--- EXERCISE ---
Set down the listing exactly as given, minus images.

(Beginning of COLLECTED DATA)

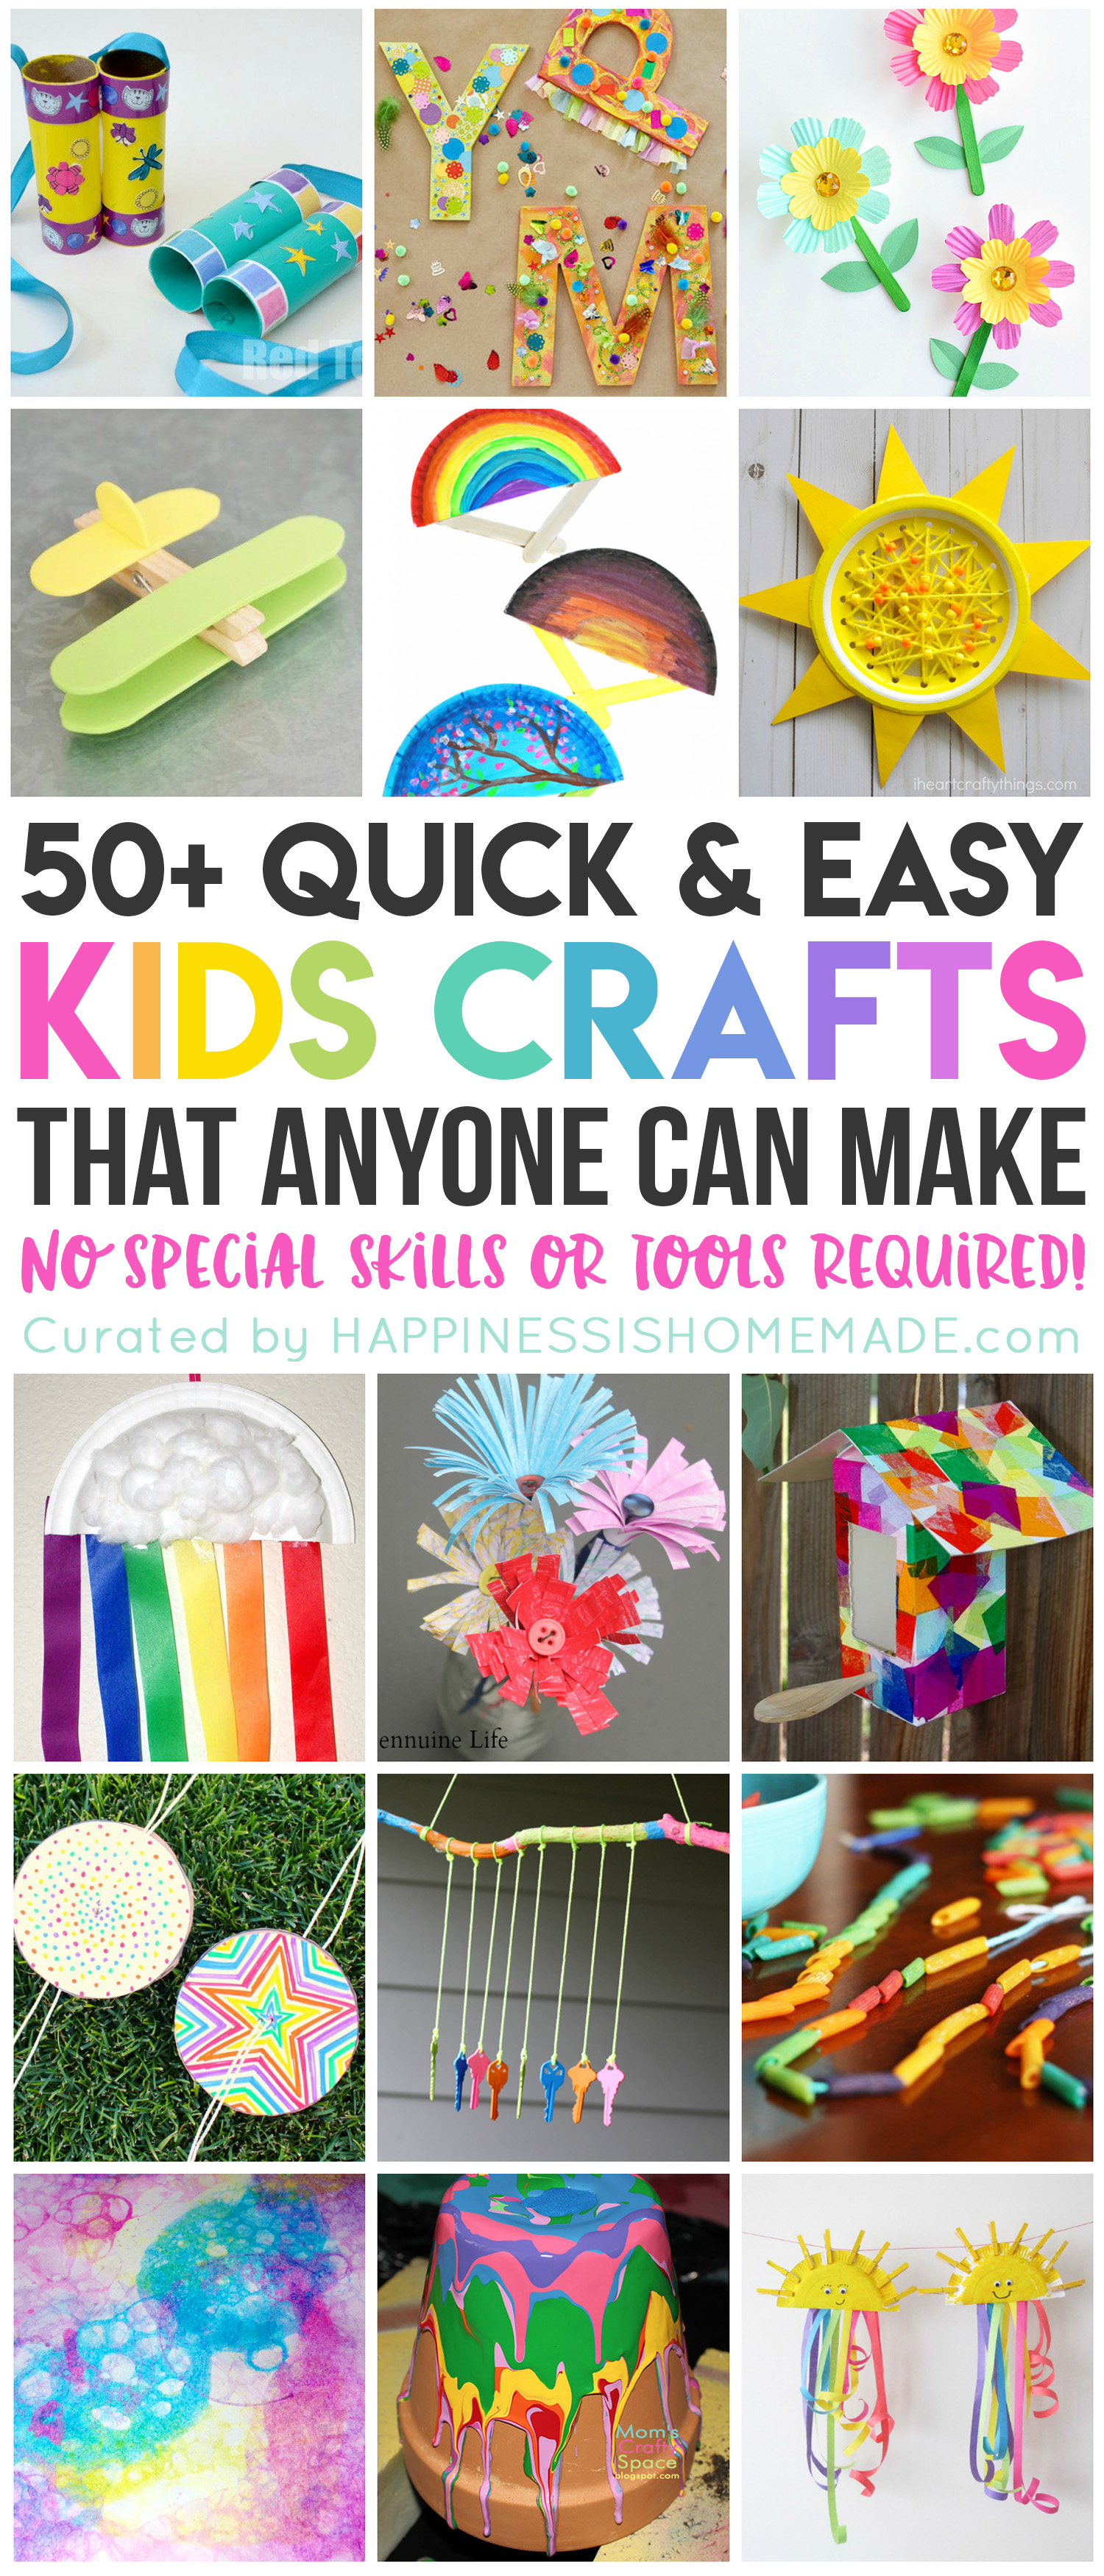 50-quick-easy-kids-crafts-that-anyone-can-make-happiness-is-homemade
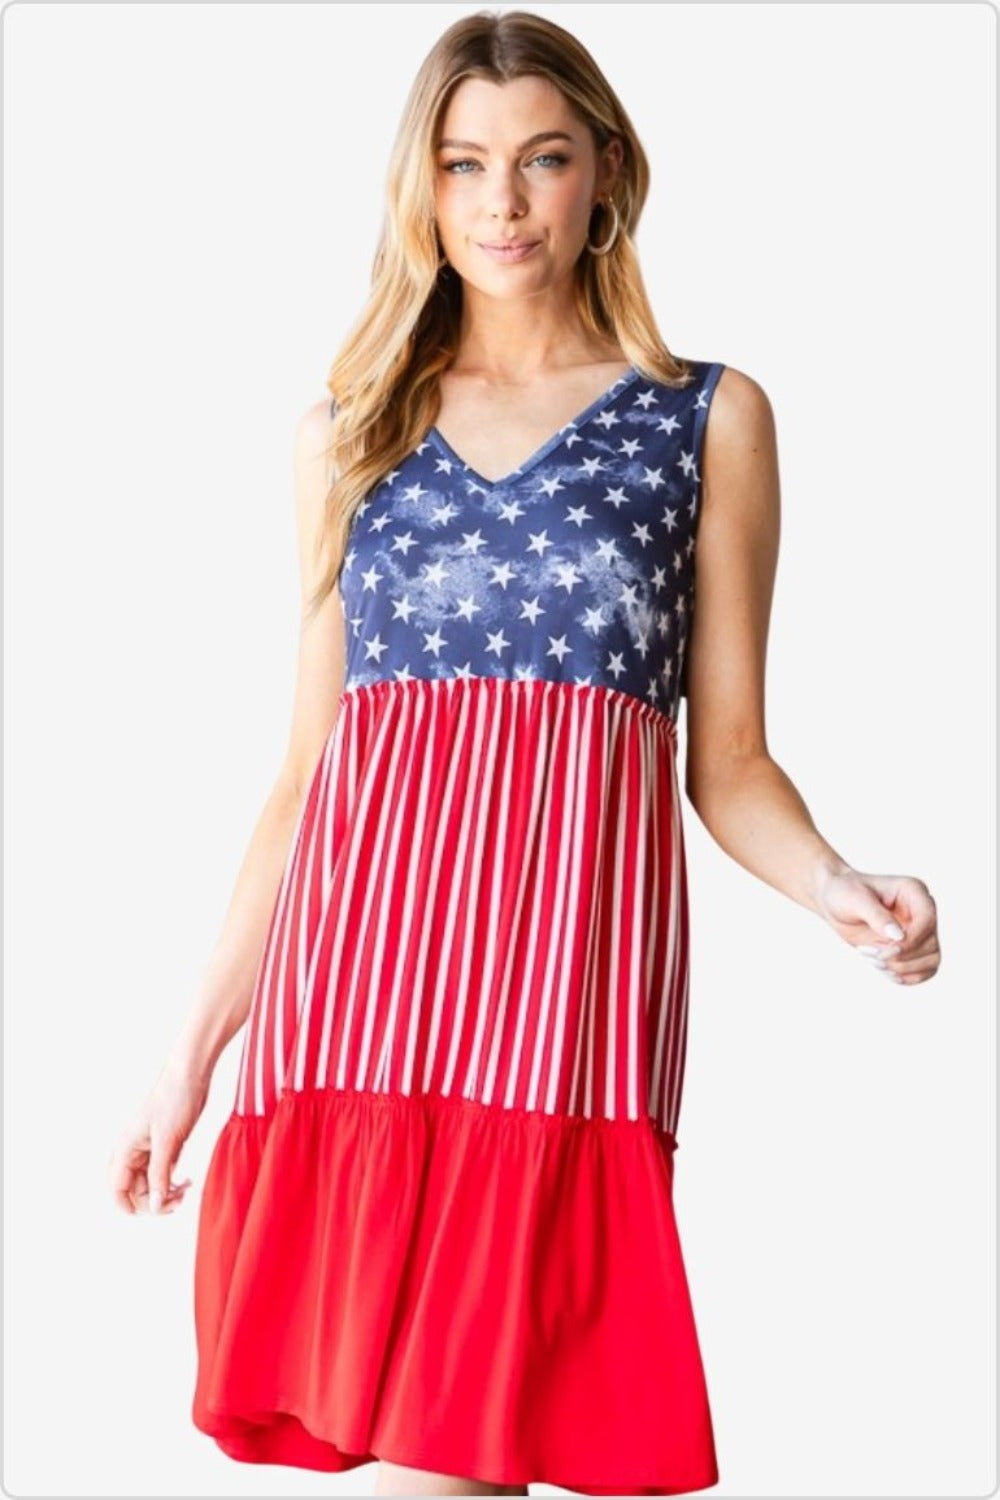 Woman in a sleeveless summer dress with American flag pattern, featuring stars on blue top and stripes on red skirt.
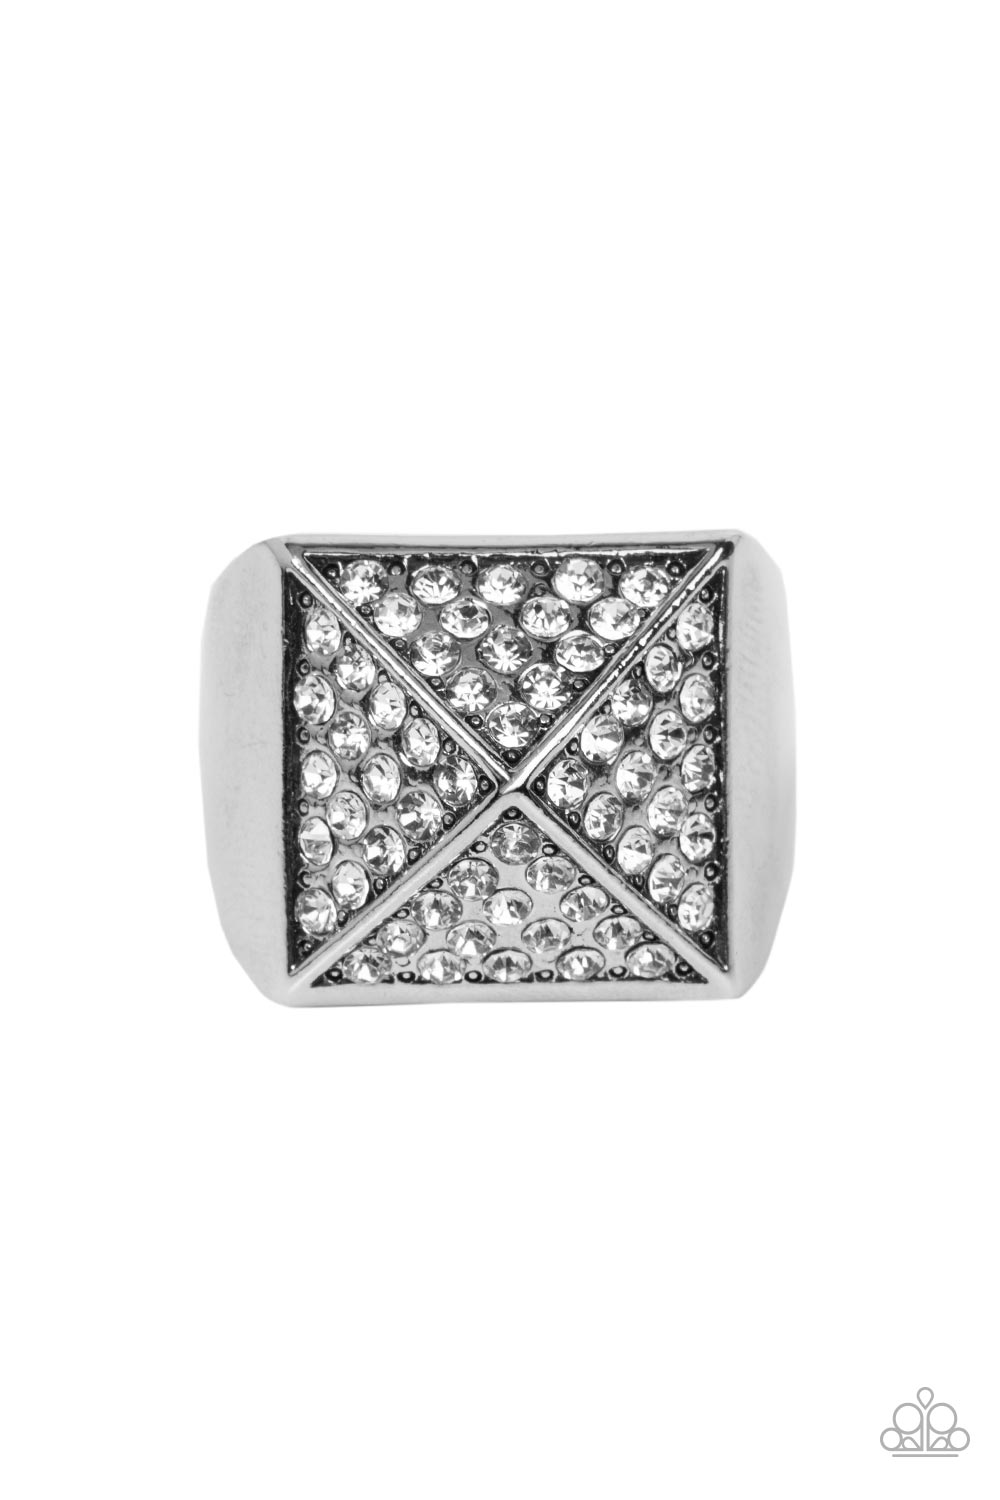 Encrusted in glassy white rhinestones, silver triangular frames build into a pyramidal centerpiece atop a thick silver band for a dauntless look. Features a stretchy band for a flexible fit.  Sold as one individual ring.

(End of COLLECTED DATA)

--- OUTPUT ---
 50-quick-easy-kids-crafts-that-anyone-can-make-happiness-is-homemade
 Woman in a sleeveless summer dress with American flag pattern, featuring stars on blue top and stripes on red skirt.
 Encrusted in glassy white rhinestones, silver triangular frames build into a pyramidal centerpiece atop a thick silver band for a dauntless look. Features a stretchy band for a flexible fit.  Sold as one individual ring.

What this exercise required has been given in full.